Allotopic Expression of Mitochondrially-Encoded Proteins, SENS Research Foundation Research Center
The accumulation of cells harboring deletion-mutation-containing mitochondria is a significant consequence of aging, and is implicated in age-related disease. The SRF-RC mitochondrial mutations team is working to develop engineered mitochondrial genes that could be stored safely in the cell's nucleus and function as "backup copies" for cells whose mitochondria harbor deletion mutations. They are currently working to realize the potential of a new method for targeting these engineered nuclear-encoded genes to the mitochondria, and to optimize the precision of this targeting.
Diagnostic and Therapeutic Antibodies against Transthyretin Amyloids, University of Texas-Houston Medical School, Harvard University
A key driver of age-associated ill health is a form of molecular damage in which certain proteins in the body lose their native structure and bind together with one another, forming harmful aggregates. One less-known amyloid disease is senile systemic amyloidosis (SSA), a disorder caused by aggregation of a hormone-transporter protein called transthyretin (TTR). With SENS Research Foundation support, the UTHMS TTR amyloid team is working to develop engineered catalytic antibodies ("catabodies") targeting misfolded TTR as a rejuvenation biotechnology for prevention and treatment of TTR amyloidosis. These "catabodies" combine the specificity of conventional antibodies with the catalytic power of enzymes, giving a single catabody molecule the ability to permanently degrade large amounts of target amyloid.

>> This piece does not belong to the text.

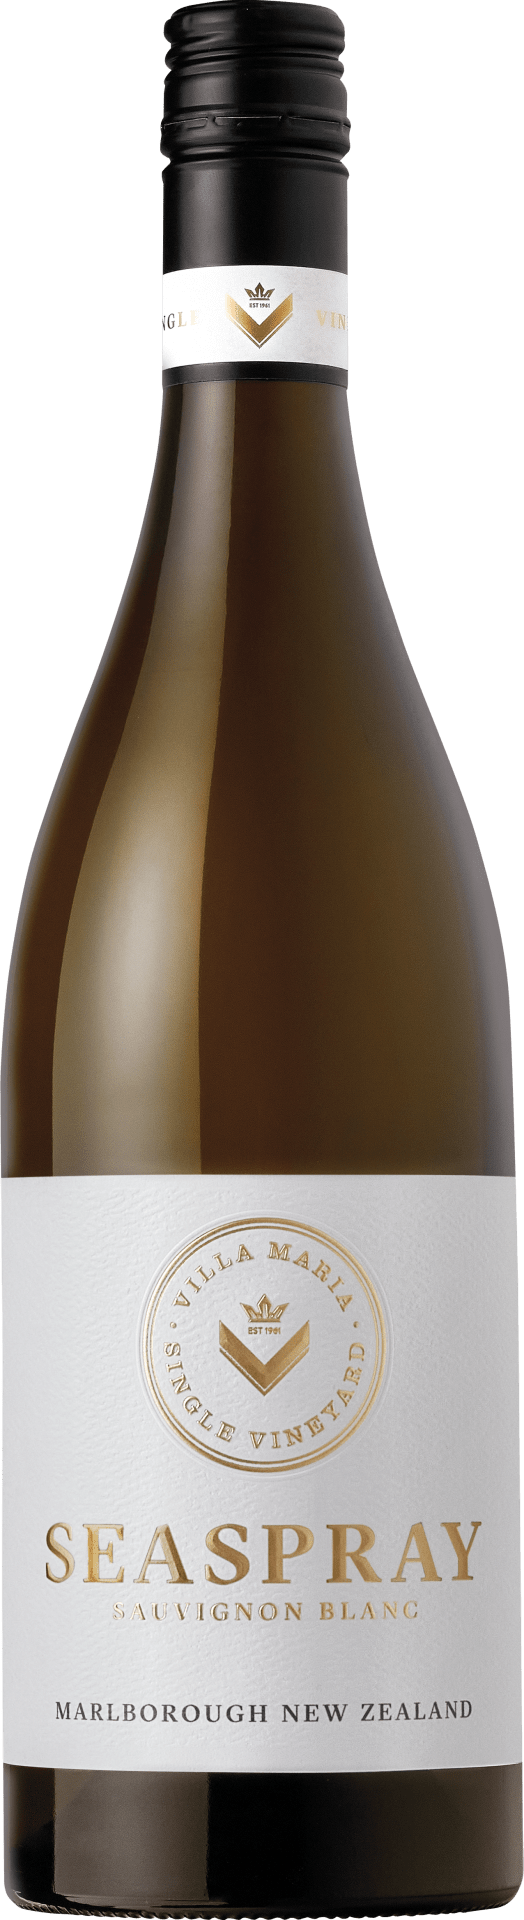 Single Vineyard Seaspray Sauvignon Blanc
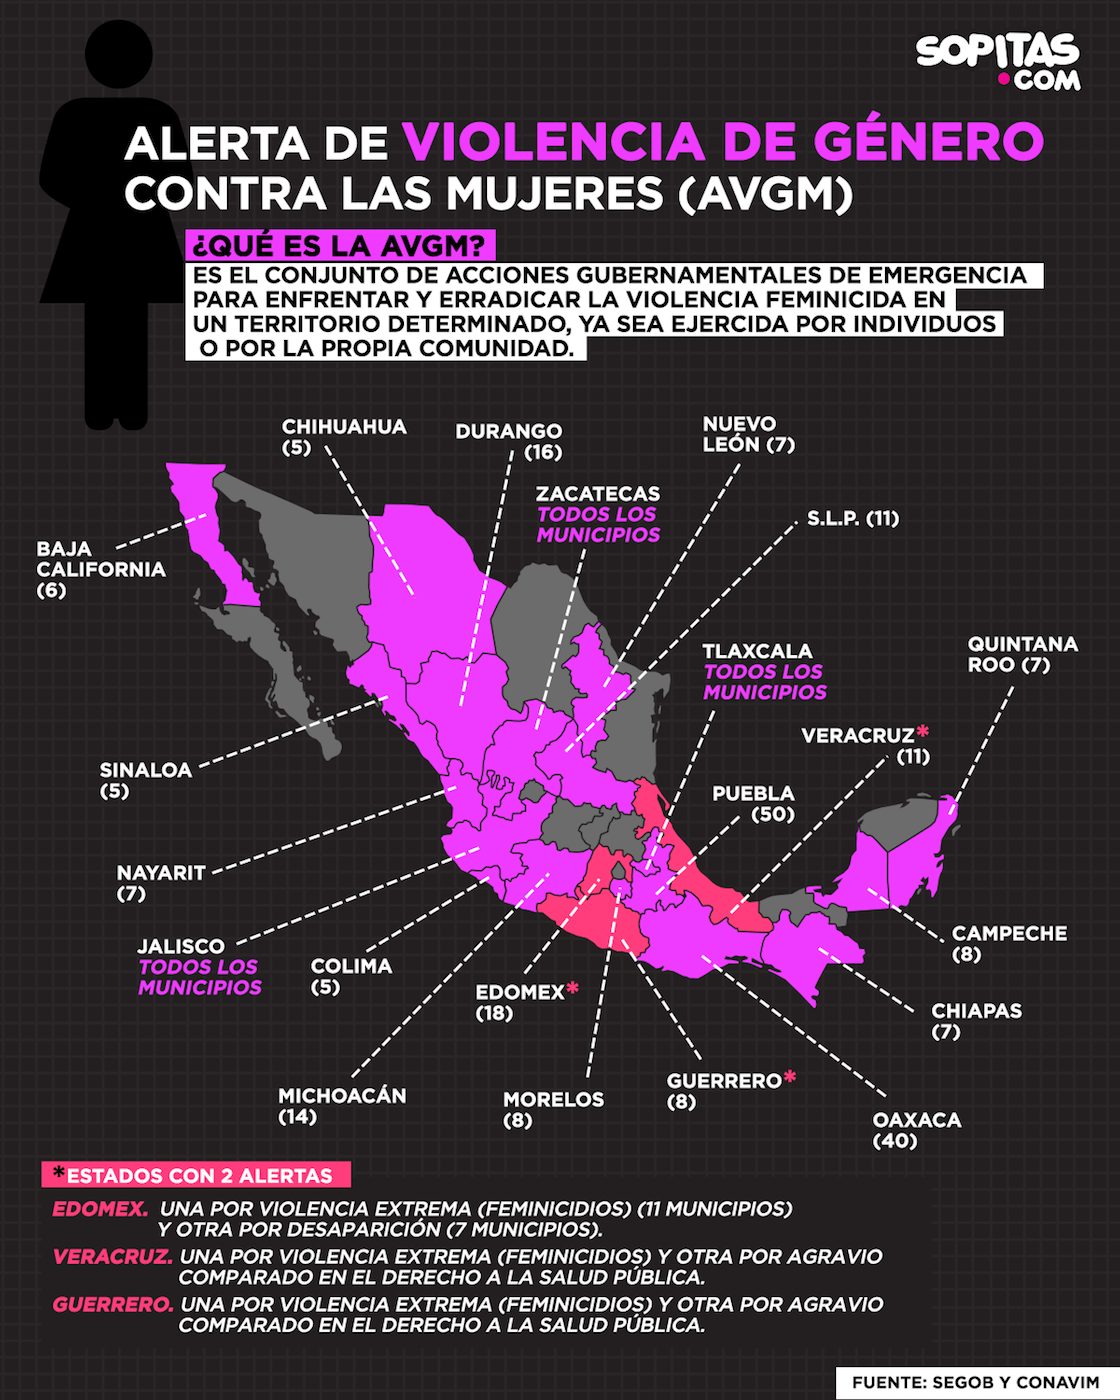 Mujeres tapizan con rostros de presuntos feminicidas el Zócalo de Veracruz

Identification of the Genetic Basis of ALT, SENS Research Foundation Research Center
To survive, all cancers must develop a mechanism to re-lengthen their telomeres. Many cancers do this by hijacking the genes involved in regulation of the enzyme telomerase, which are only supposed to be expressed by certain specific cell types under very tight control. 10-15% of cancers, meanwhile, employ a telomerase-independent mechanism known as alternative lengthening of telomeres (ALT). The SRF-RC ALT group has has developed a fast, high-throughput assay method and will use the new, faster ALT assays to hunt for genes that might be involved in the ALT machinery, and screen libraries of drugs to identify new candidate treatments that would shut down ALT cancer cells.
Epimutations: Targets or Bystanders for Rejuvenation Biotechnology? Albert Einstein College of Medicine
Just as our genes can suffer mutations that damage the instructions cells use to make their encoded proteins, so too our cells can suffer damage to the "epigenetic" structures that help to regulate whether a particular gene is turned on or off in a particular kind of cell at a particular time. These epimutations therefore cause cells to turn the expression of particular genes on or off aberrantly. The Albert Einstein College of Medicine (AECOM) epimutations team is investigating the possibility that epimutations could be contributing to age-related disease. Numerous cells in a tissue could, in this scenario, be engaging in aberrant gene expression, leading over time to tissue dysfunction and eventual pathology.